» **Exercise**:
Write out the listing exactly, dropping any picture it contains.

» **Given data**:
::::::

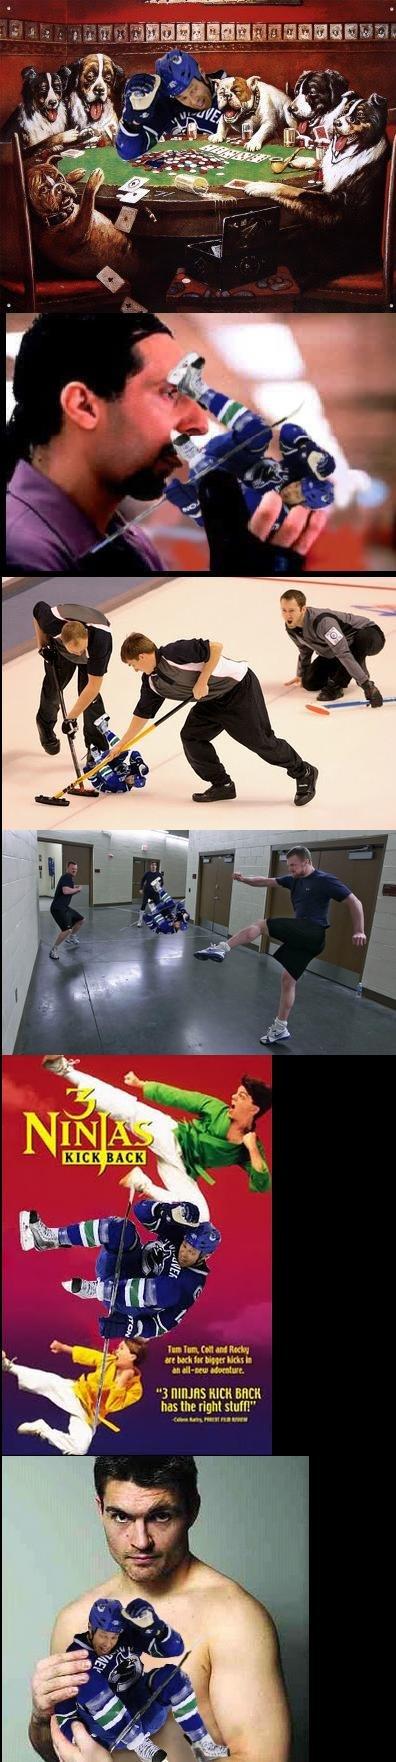 Photoshop fun with Raffi Torres Part 2. More of Raffi Torres bowling ball Part 1: funnyjunk.com/funny_pictures/2028910/Photoshop+fun+with+Raffi+Torres/ Torres g
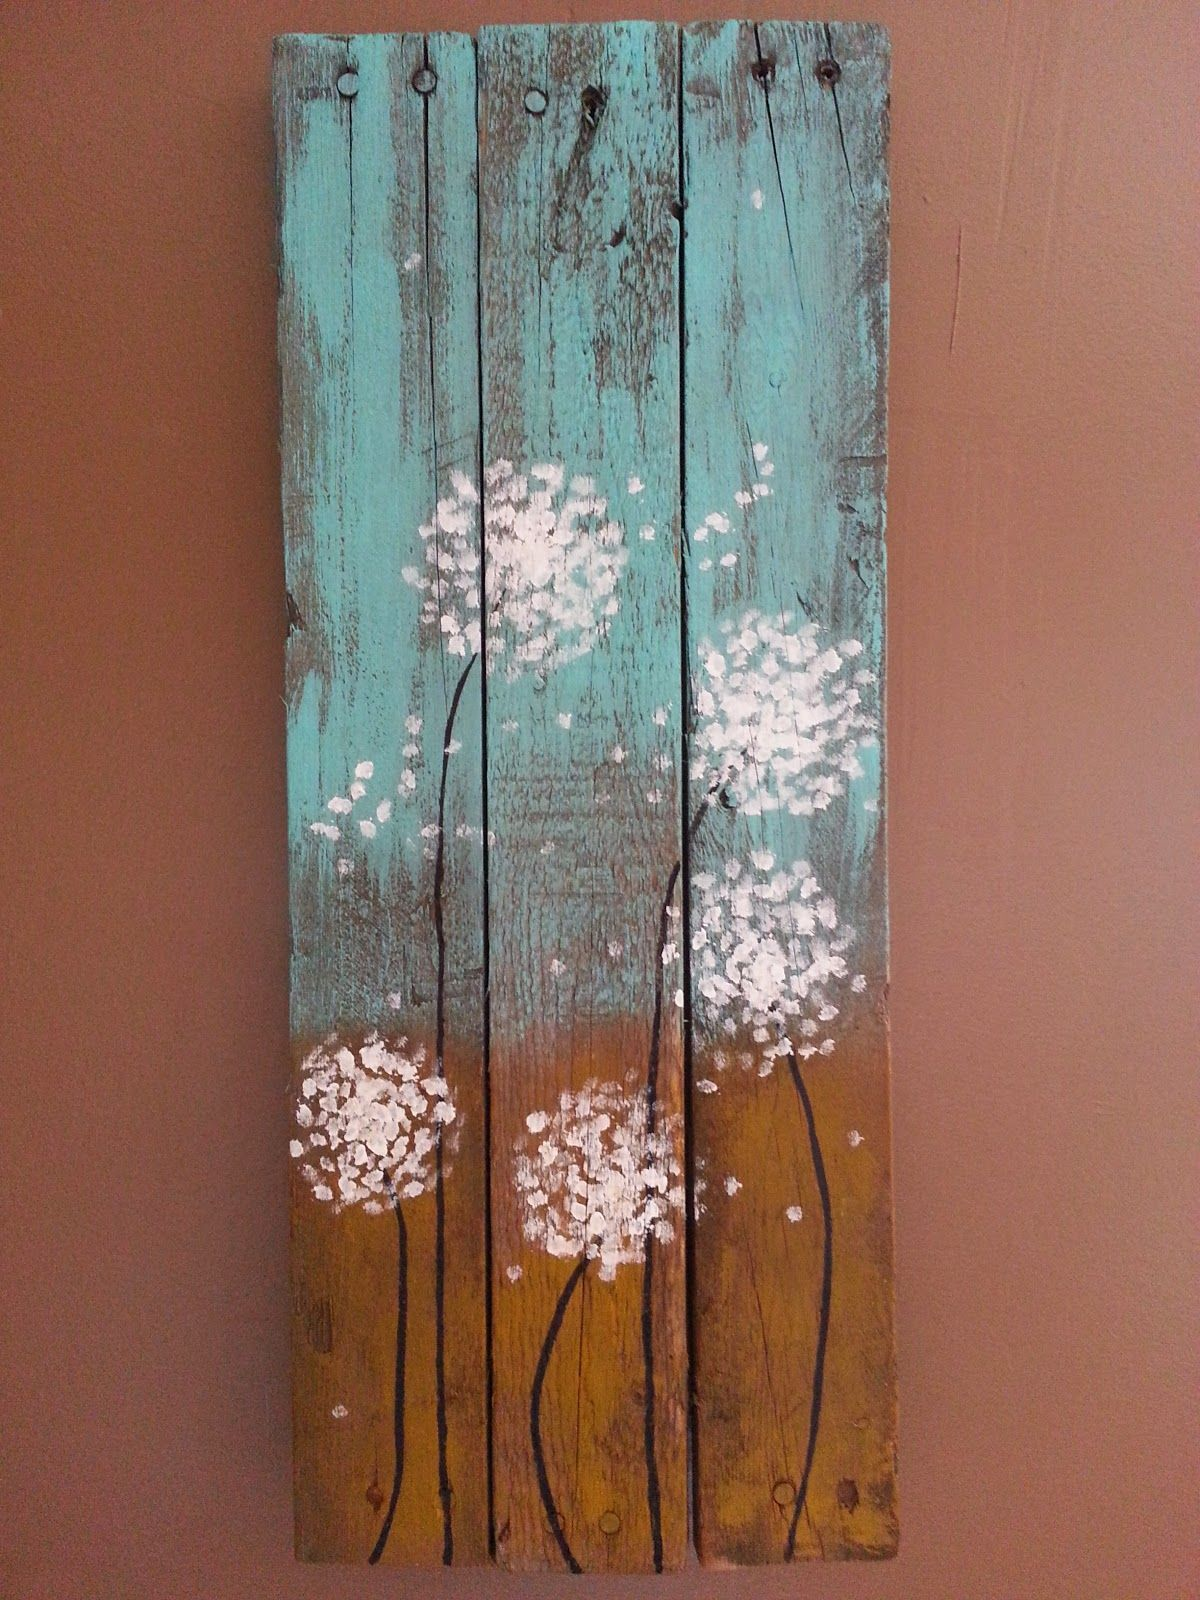 dandelions love this! - my favorite soacrylic painting on
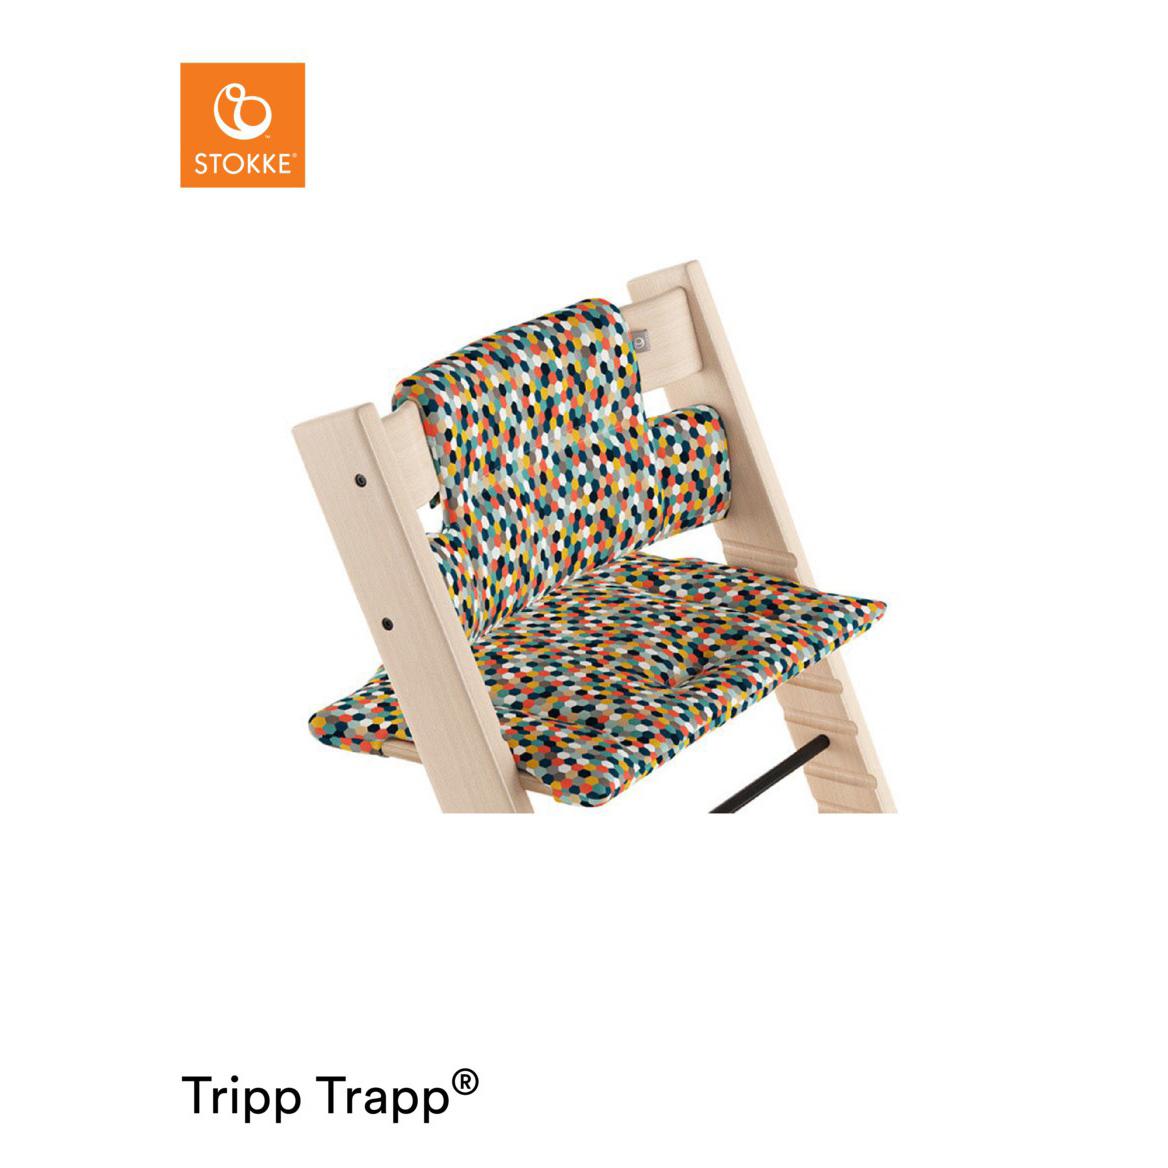 Coussin Classic Tripp Trapp MULTICOLORE Stokke

::::::

» **Exercise solution**:
 Photoshop fun with Raffi Torres Part 2. More of Raffi Torres bowling ball Part 1: funnyjunk.com/funny_pictures/2028910/Photoshop+fun+with+Raffi+Torres/ Torres g
 dandelions love this! - my favorite soacrylic painting on
 Coussin Classic Tripp Trapp MULTICOLORE Stokke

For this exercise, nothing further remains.